“Live, work and play” is the mantra of the smart growth movement. Ft. Lauderdale, with its refreshing Atlantic waters and reputation as a beach and resort area, has no problems living up to the “play” billing.
Completing the trinity, though, is vital for the southeast Florida county. The REALTOR® Association of Greater Ft. Lauderdale (RAGFL) has been using National Association of REALTORS® Smart Growth Action grants to help spread the smart growth word and help sunny South Florida better plan for future growth.
“As time goes on, we are educating the officials of South Florida for the 21st century,” said Adam Sanders, director of government affairs for RAGFL. “We definitely believe our efforts are helping the cause.”
Sanders says now is the time to champion smart growth. Broward County is the second most populated county in the state, and according to the latest Census data, had a population of 1.76 million people in 2009. Yet the county, which touches the Atlantic on the eastern border and the Florida Everglades on its western border, has little space to build out. And redevelopment is a must if the area is going to keep pace with the needs of its residents, visitors and business partners that have located firms and companies there.
The National Association of REALTORS®’ grants have allowed the RAGFL to support a number of initiatives, including hosting a springtime mayoral breakfast that allows an exchange between smart growth advocates and local government officials.
There are 31 different municipalities in Broward County, ranging from ocean front Ft. Lauderdale to suburban Cooper City. Getting the mayors and their staff from all those areas to attend is sometimes easier said than done, Sanders said. “But when we ask, they always come,” he said noting that 27 of the 31 municipalities had representatives at the 2010 breakfast, where about 250 people showed up.
“It really helps to promote open discussion on smart planning,” he said of the event that allows residents to mingle with their local county officials.
Also, the RAGFL, in January, brought in Joe Molinaro with NAR’s smart growth program to speak to its members and community leaders about placemaking and economic development. Meeting in the REALTORS®’ new 10,000-square-foot, 80-percent compliant “green building,” the audience included the mayor of Pembroke Pines, Fran Ortis; Oakland Park Mayor Allegra Murphy; Wilton Manors Mayor Gary Resnick; and Broward County Commissioner Tom Green.
Sanders said the presentation was so well received that even folks who couldn’t make the presentation have been asking for materials. “They heard it was informative and wanted to learn more about how placemaking can create jobs in today’s economy,” he said.
Newly elected Broward County Commissioner Chip LaMarca — who attended the meeting — said it was beneficial.
“It is clear that the incorporation of smart growth principles is crucial to the future vitality of my community, both in terms of livability and economic development,” he said.
Sanders said the RAGFL has “made it its mission to educate local elected and planning officials” about smart growth.
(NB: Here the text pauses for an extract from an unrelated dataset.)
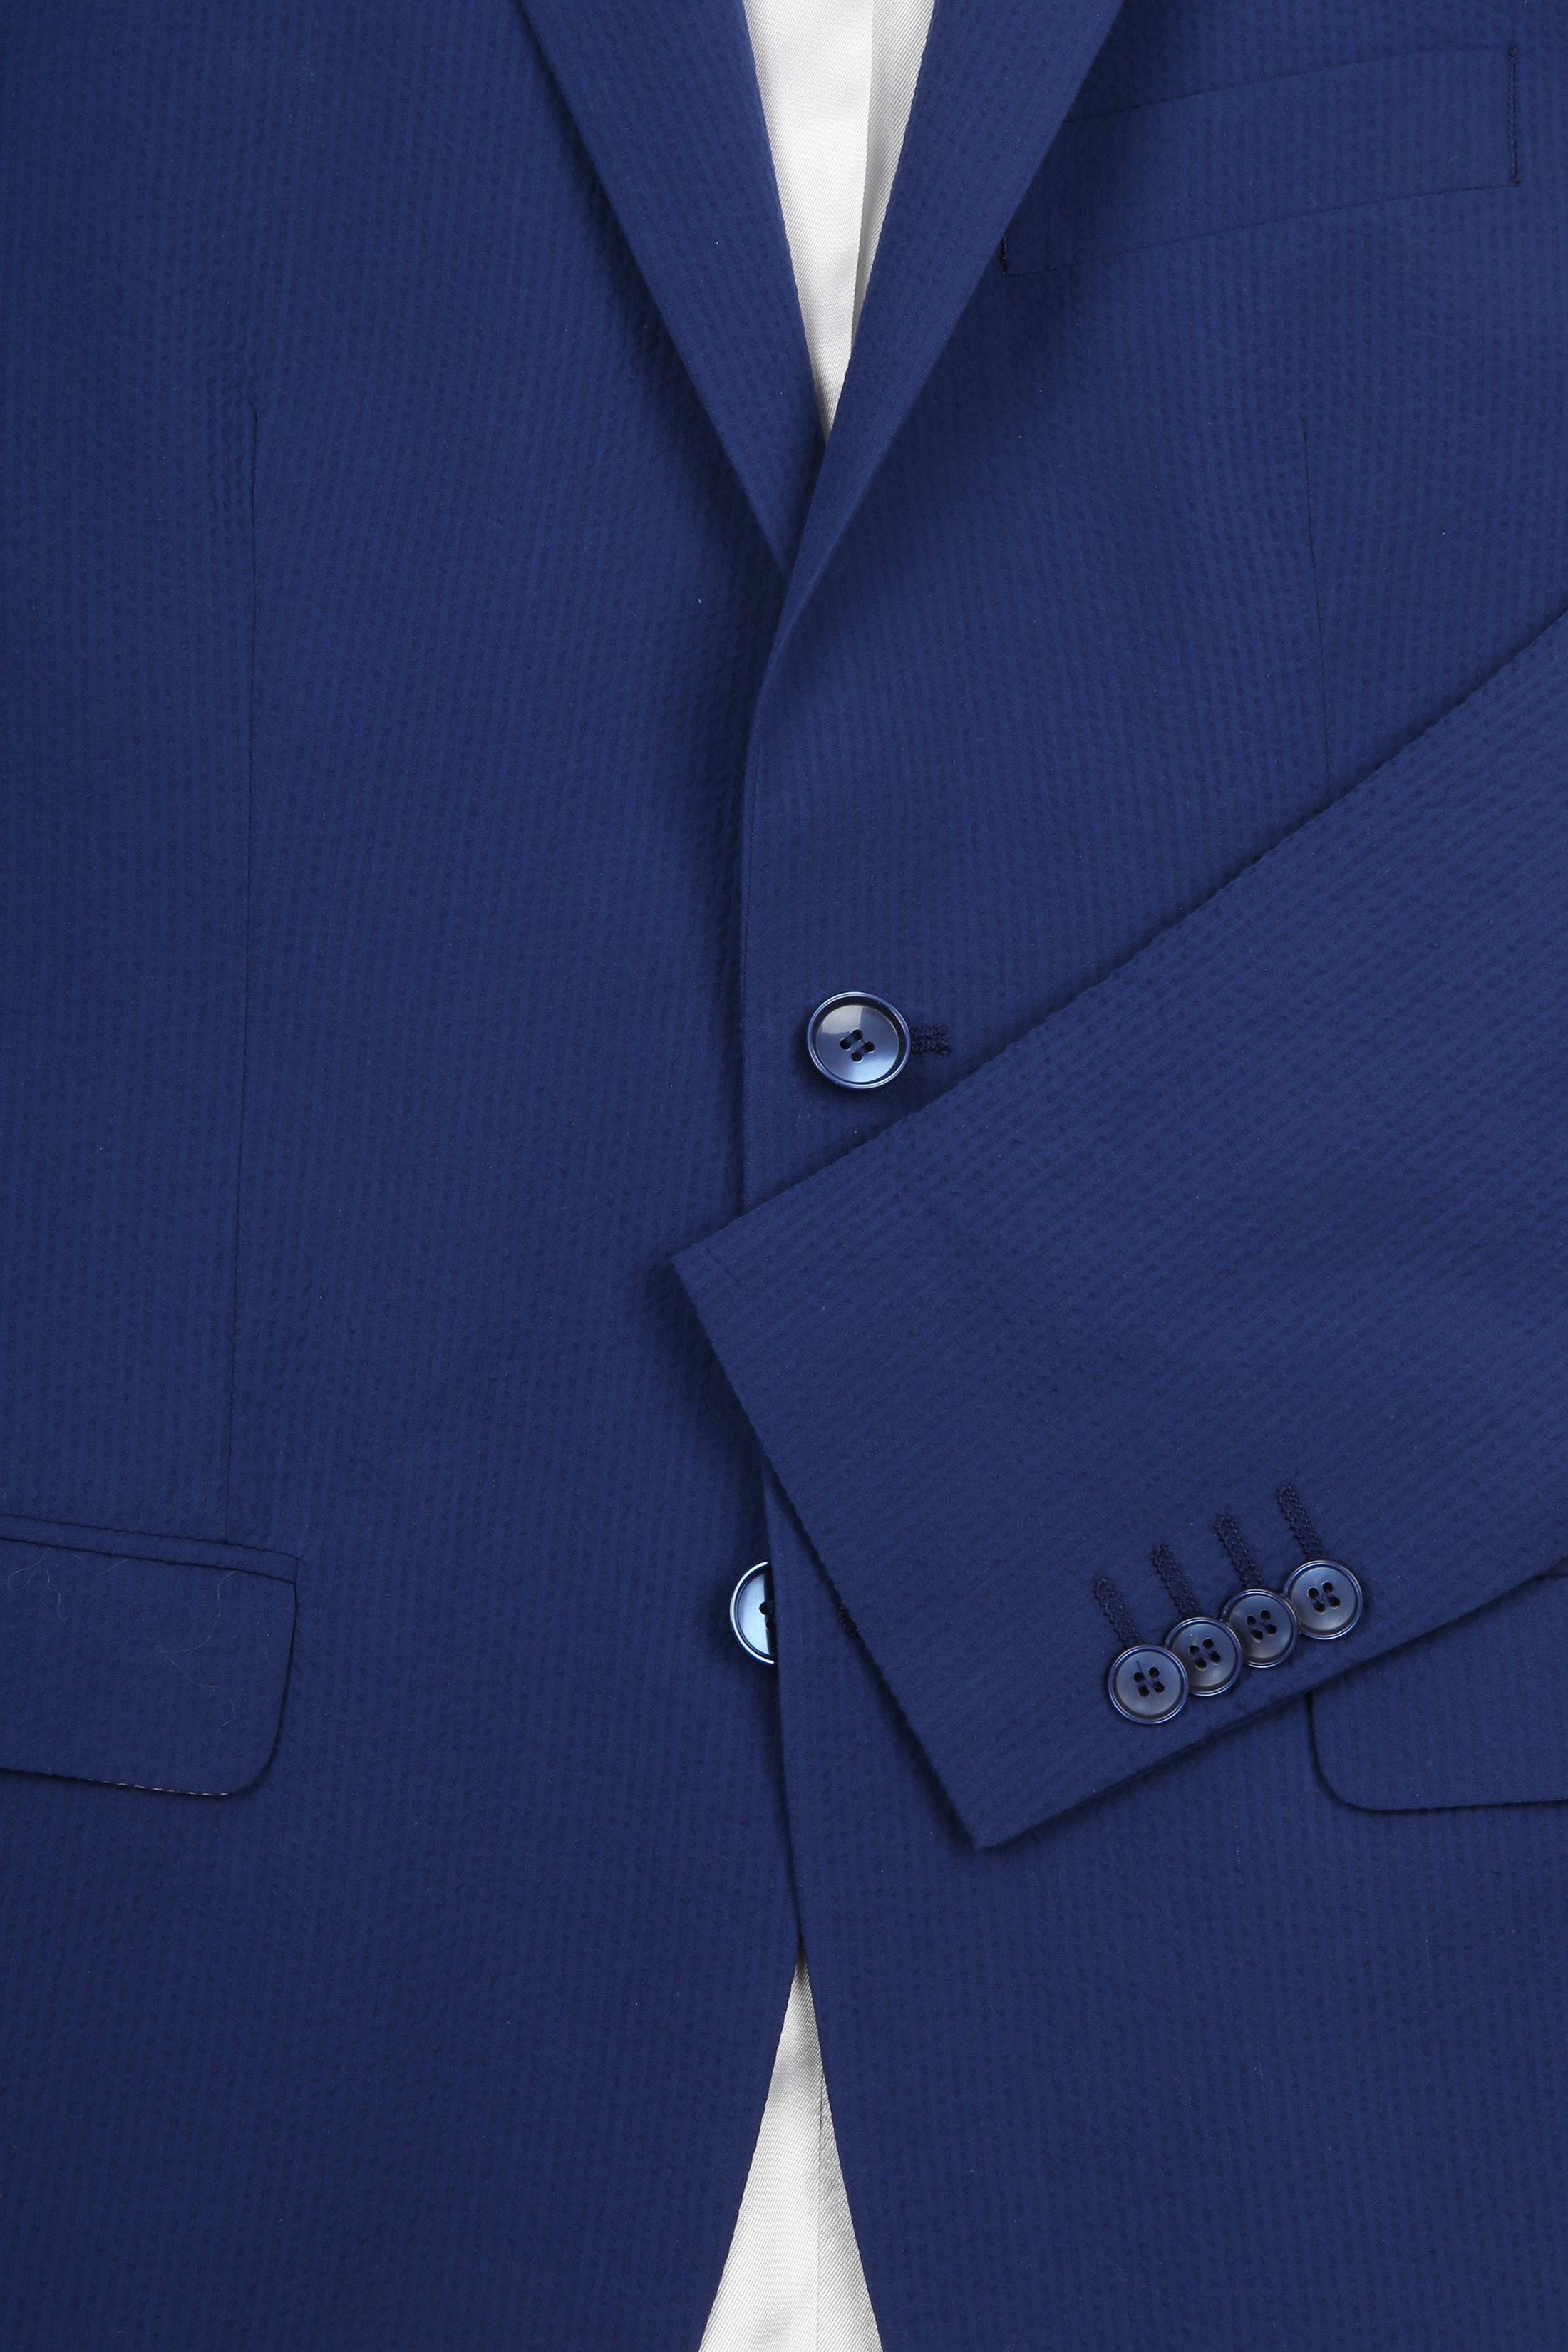 Suitable Blazer Logga Blau foto 1

To help achieve those goals, the RAGFL also has partnered with the Smart Growth Partnership (SGP) in southeast Florida. Sanders has served on the Smart Growth Partnership Board of Directors since its inception in 2005.
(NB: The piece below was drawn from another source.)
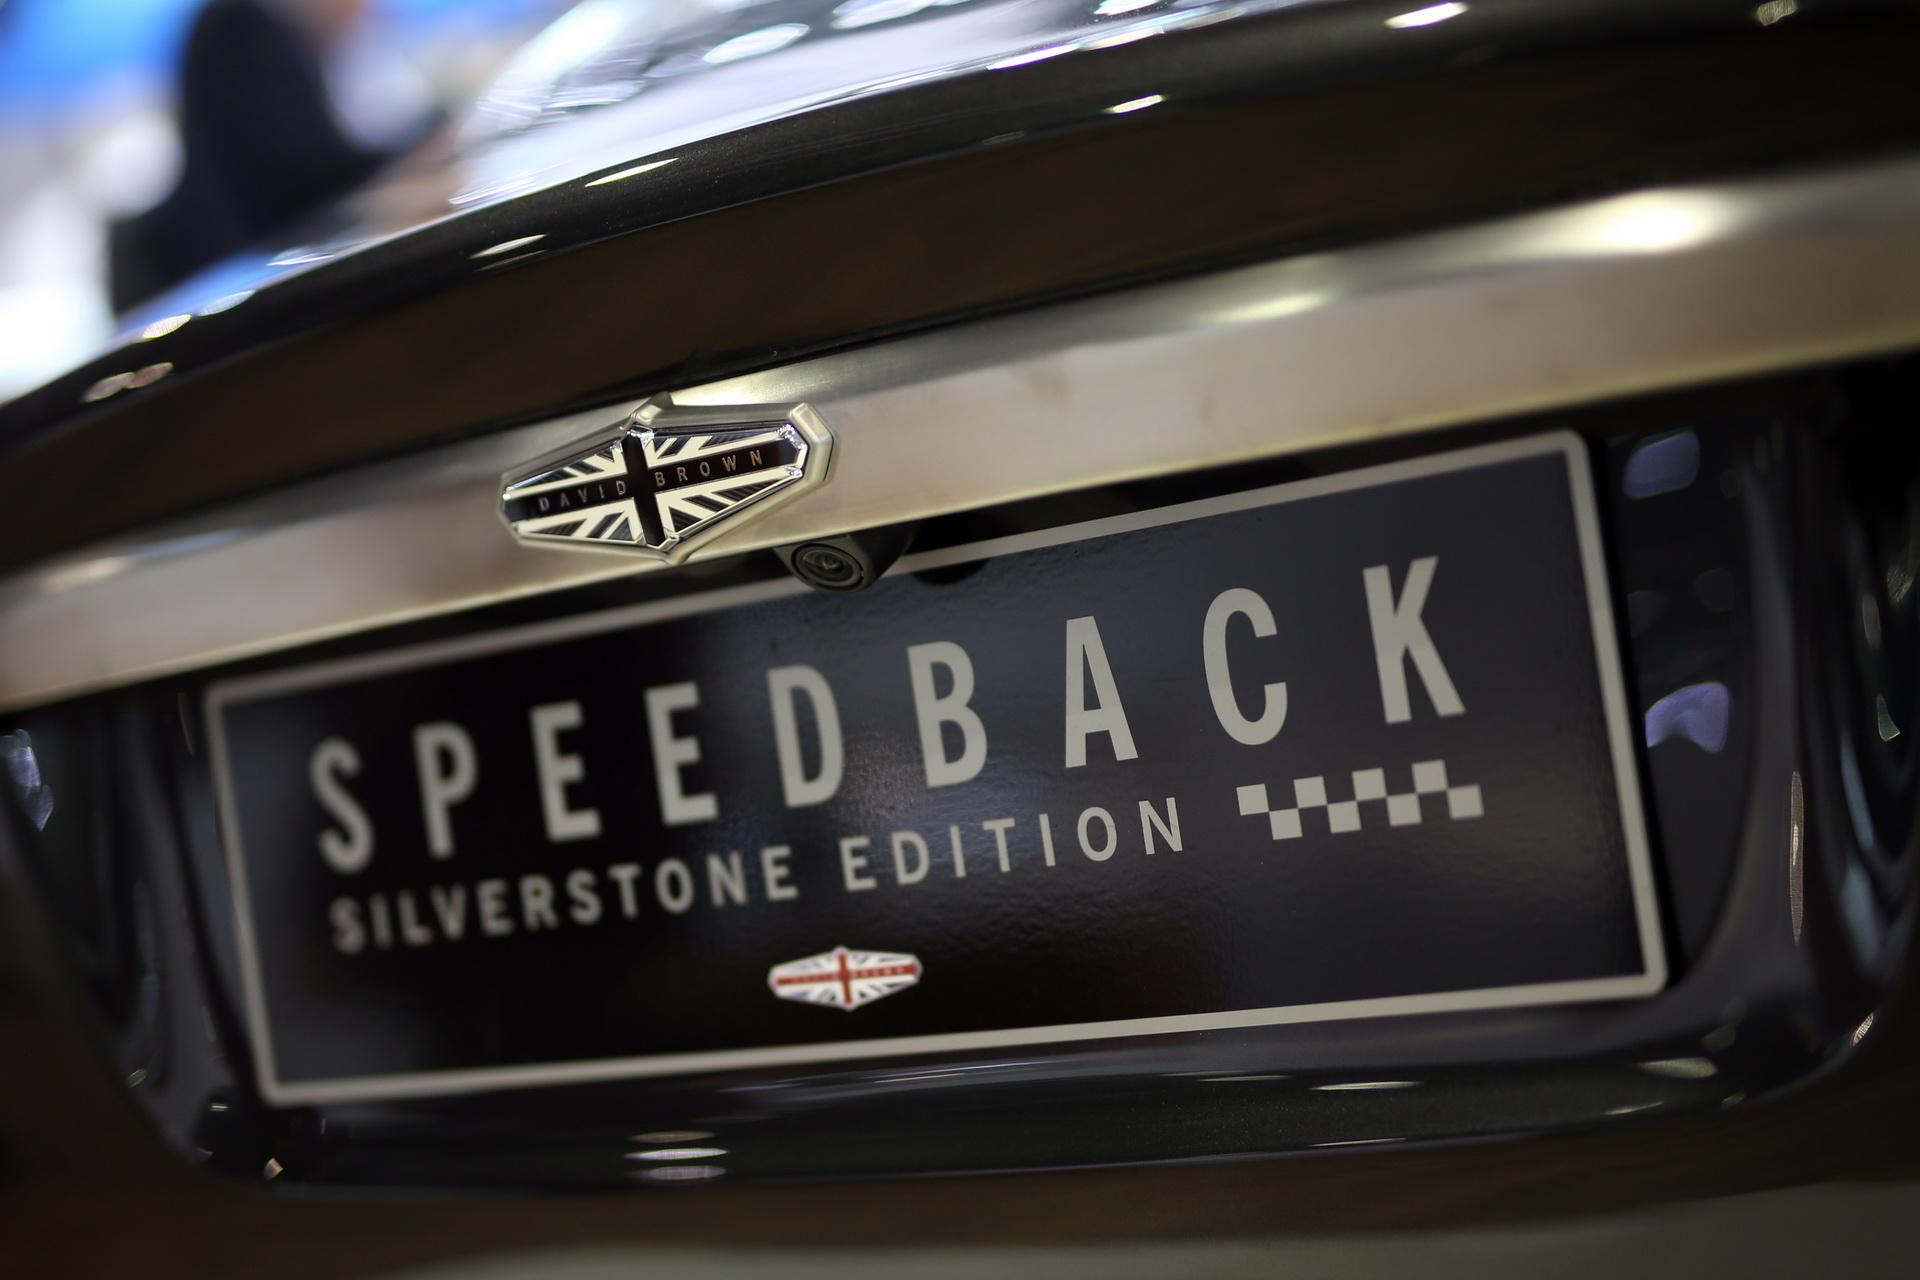 Speedback-Silverstone-Edition-9

SGP founder Gloria Katz said the RAGFL has helped her group with several initiatives. Katz said the goal of the group is to make Broward County residents comfortable in their spaces and places and confident that the area is a place where they can work and play and raise a family. The goal is to make sure people understand it’s more than just a sunny, playground.
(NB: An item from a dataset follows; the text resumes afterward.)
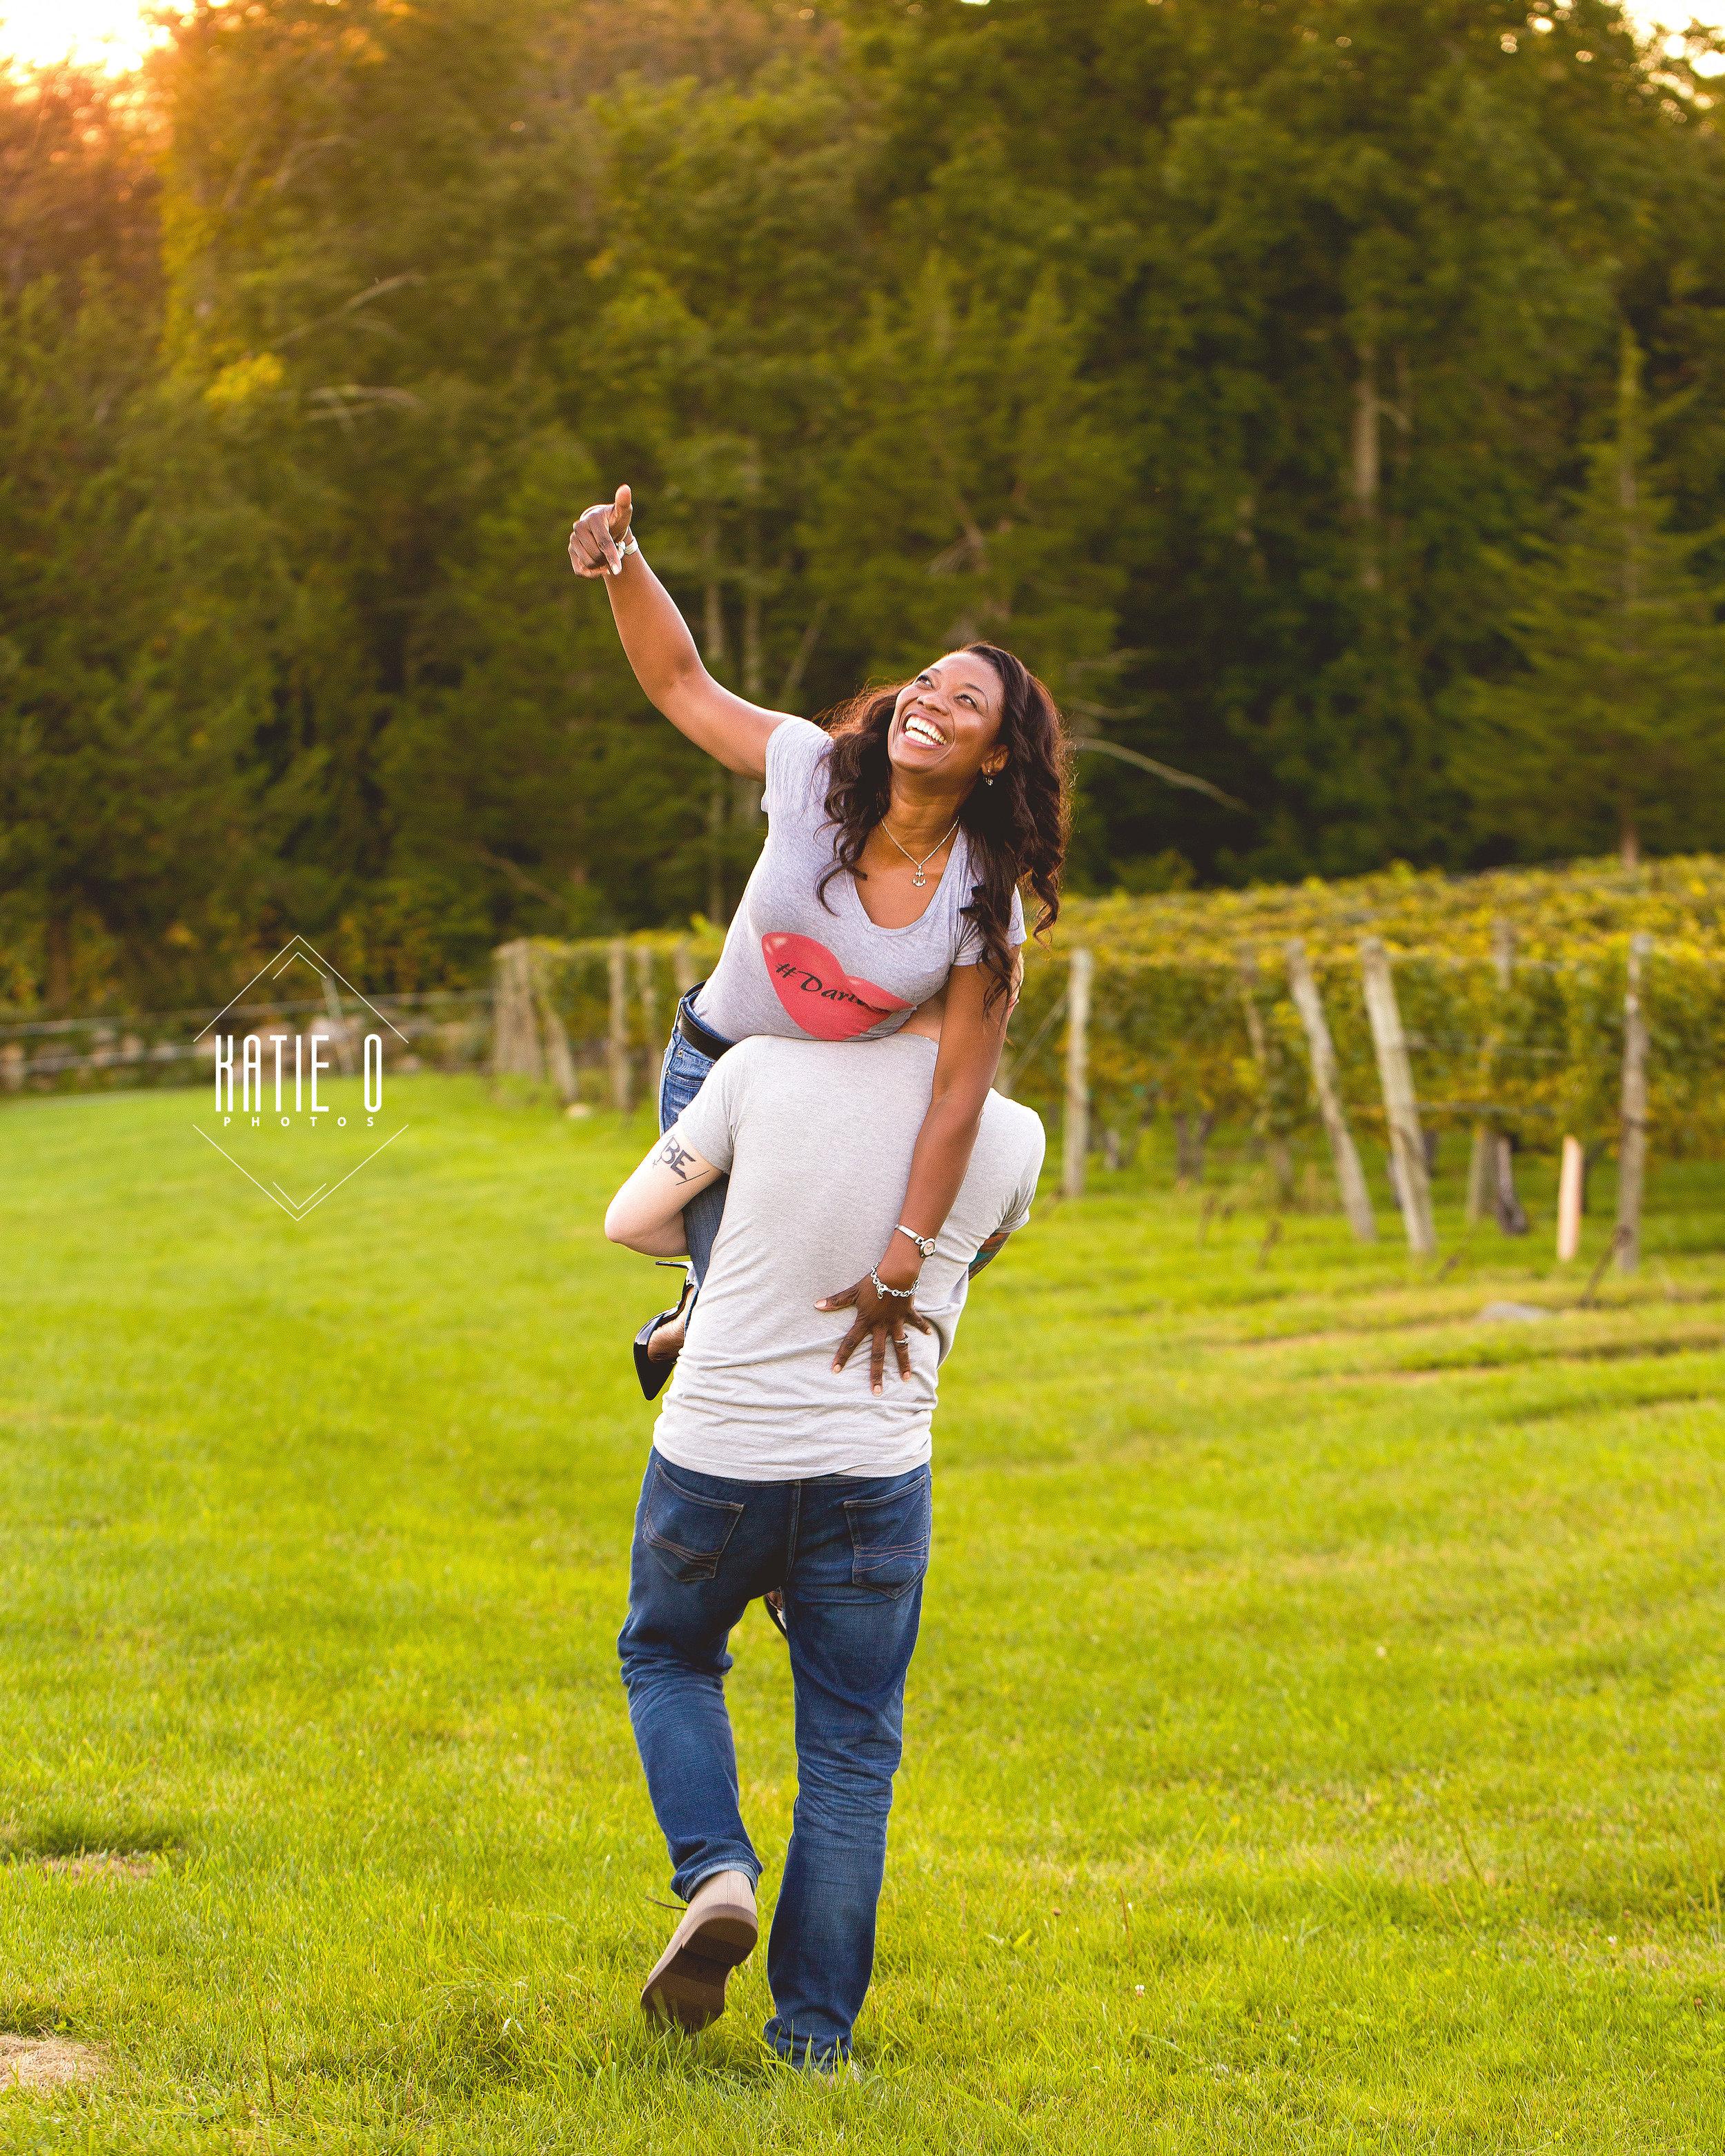 Katie-O-Photos-21-2.jpg

“I think the REALTORS® can help in making that a reality,” she said. “We have similar efforts.”
SGP is now focusing its efforts on implementing a “Complete Streets” policy that would ensure transportation planners and engineers design roadways with all users in mind when they plan roads, from bicyclists to mass transportation users and pedestrians.
The Complete Streets approach in planning is championed by the not-for-profit National Complete Streets Coalition. The movement, which is supported by REALTORS®, is growing exponentially. There were 80 Complete Streets policies approved in 2010, said Stefanie Seskin, state and local policy manager for the national coalition. That’s a 100-percent increase from the number of policies approved the year before, and quadruple the number of policies that were approved in 2008.
The National Complete Streets Coalition has identified 10 elements to the Complete Streets policy, which include applying the standards to all agencies — state, county and local — and on all roads. Complete Streets policies are applied to all projects, from new roads to retrofit projects.
If successful with its Complete Streets campaign, Broward County would join a handful of other Florida locations that have taken the plunge, which, according to Seskin, include the city of Miami, West Palm Beach, Pensacola and Lee County.
A central theme of the Complete Streets movement is accessibility for all users. Seskin said the focus is on making the transportation system “work better for everyone who needs to be there.”
RAGFL and SGP are in the early stages of working with the Broward Metropolitan Planning Organization to discuss incorporating the principles into road projects there. Sanders said Pompano Beach and Hollywood are areas that he thinks would benefit from this style of thinking.
“Well designed universally accessible streets,” Sanders said, “are necessary to a safe, equitable and prosperous community.”